As the Heritage Foundation’s Robert Rector, an anti-welfare stalwart, wrote in 2017, “The work requirement would reduce Medicaid enrollments, but Medicaid costs might well go up because the eligible ABAWDs would go to the emergency room rather than receive routine care elsewhere.” And when states tried requiring work in exchange for Medicaid eligibility, the resulting drop in case loads was predominantly driven by otherwise-eligible individuals failing to successfully navigate the eligibility process, rather than an increase in employment or culling ineligible applications. OBBB presumes it can find savings from rolling out nationwide work requirements for Medicaid in just a couple of years. In practice, that will mean using the savings from eligible families failing to complete the requisite paperwork to pay for tax breaks elsewhere. It’s bad policy design and foolhardy politics for a coalition of the working class.
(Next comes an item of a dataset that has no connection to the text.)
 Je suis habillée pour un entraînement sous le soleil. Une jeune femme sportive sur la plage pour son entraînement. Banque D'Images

And it’s not just in health care coverage that the impulse to reform welfare is leading Republicans astray. Rather than supporting marriage for low- and middle-income households, the design of their temporary expansion of the standard deduction actually worsens marriage penalties.
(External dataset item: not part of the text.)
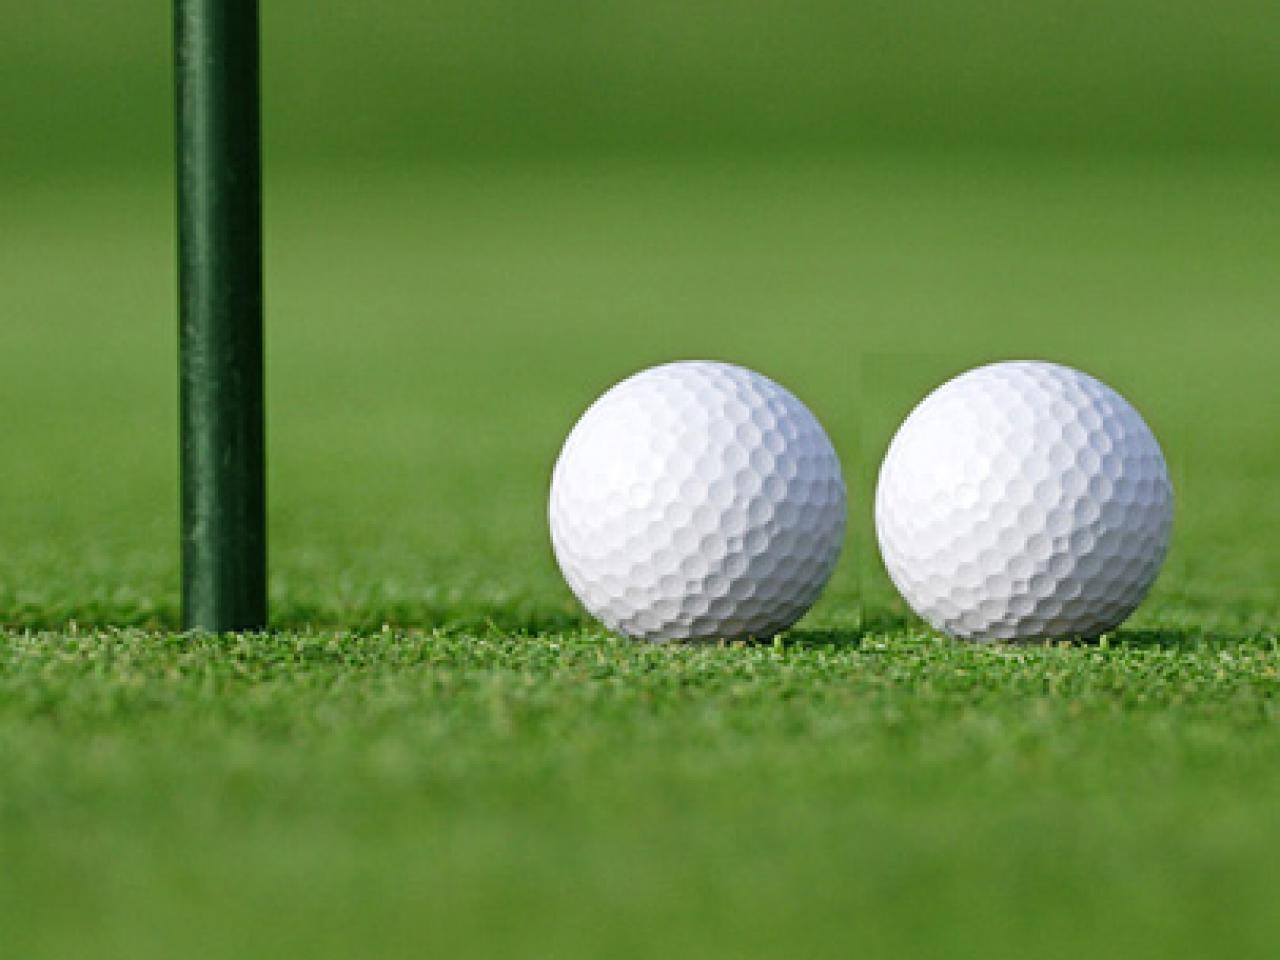 Single match. Гольф 9. Golf 9. Гольф информация на английском.

While the bill includes a laudable and politically popular expansion of the overall value of the Child Tax Credit (CTC) from $2,000 to $2,500 per child, House Republicans couldn’t come to an agreement on expanding support for the roughly 17 million children who live in households whose earnings fall below the threshold needed to receive the full value of the CTC. At the same time, a new requirement with the laudable goal of reducing incorrect claims in the Earned Income Tax Credit could result in more complexity for low- and middle-income earners. That should make boosting the CTC for moderate-income working families more, rather than less, important.
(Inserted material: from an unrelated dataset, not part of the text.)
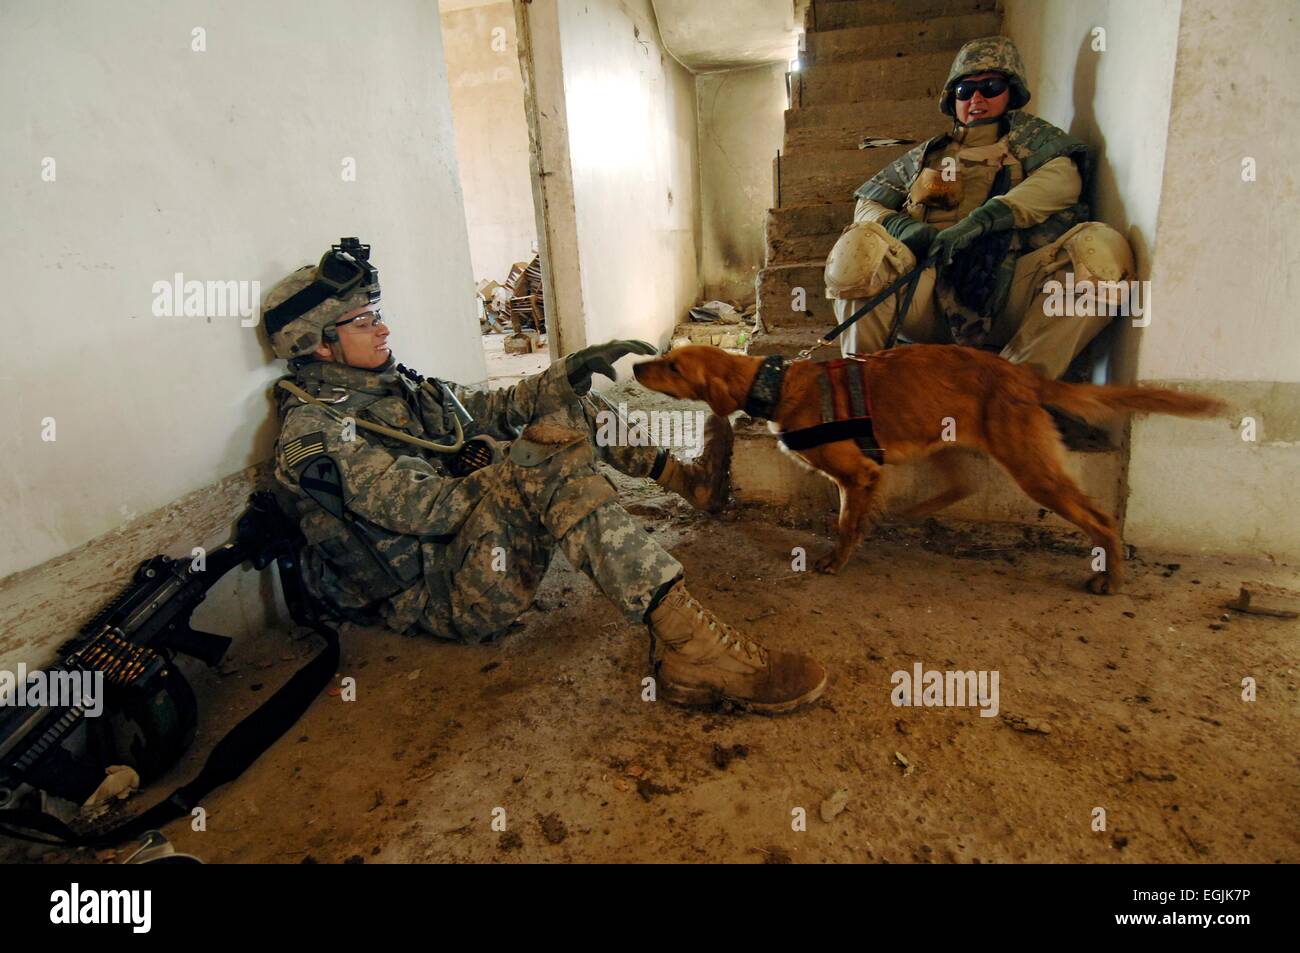 Les soldats américains de la 1ère Division de cavalerie jouer avec Recon, un cadavre de chien de détection, comme elle et son chien attendent leur tour pour rechercher les restes d'un soldat disparu le 23 février 2007 à Bagdad, Iraq. Banque D'Images

There is always room to improve the way America provides benefits to low-income individuals and households. First and foremost, we could prioritize smoothing cliffs that penalize low-wage workers for getting a promotion or working longer hours, and eliminate policies that effectively subsidize cohabitation over marriage. We could encourage more states to experiment with “one door” approaches to in-person social services. The bill appropriately tackles the budgetary gamesmanship that inflates costs for the federal government without improving health outcomes for low-income individuals.
Unfortunately, by looking at safety-net programs primarily as sources of budget savings, rather than thinking about how they can improve the way they deliver much-needed services and help get Americans out of poverty, the GOP is painting itself into an unpopular corner.
The Congressional Budget Office finds that resources would decline for the lowest-income households and increase for those in the highest income brackets. If the Democrats run campaign ads accusing the GOP of taking away health care benefits to fund tax cuts, Republicans will cry foul. Yet that is where their current legislative trajectory is taking them. In this, President Trump’s political instincts are spot-on, reportedly telling Sen. Josh Hawley that politicians who cut Medicaid are “stupid” and “lose elections.” If Republicans want to avoid midterm accusations of running a reverse Robin Hood operation, they still have time to alter the legislation to better protect working-class families—even if it comes at the expense of quite so many tax cuts.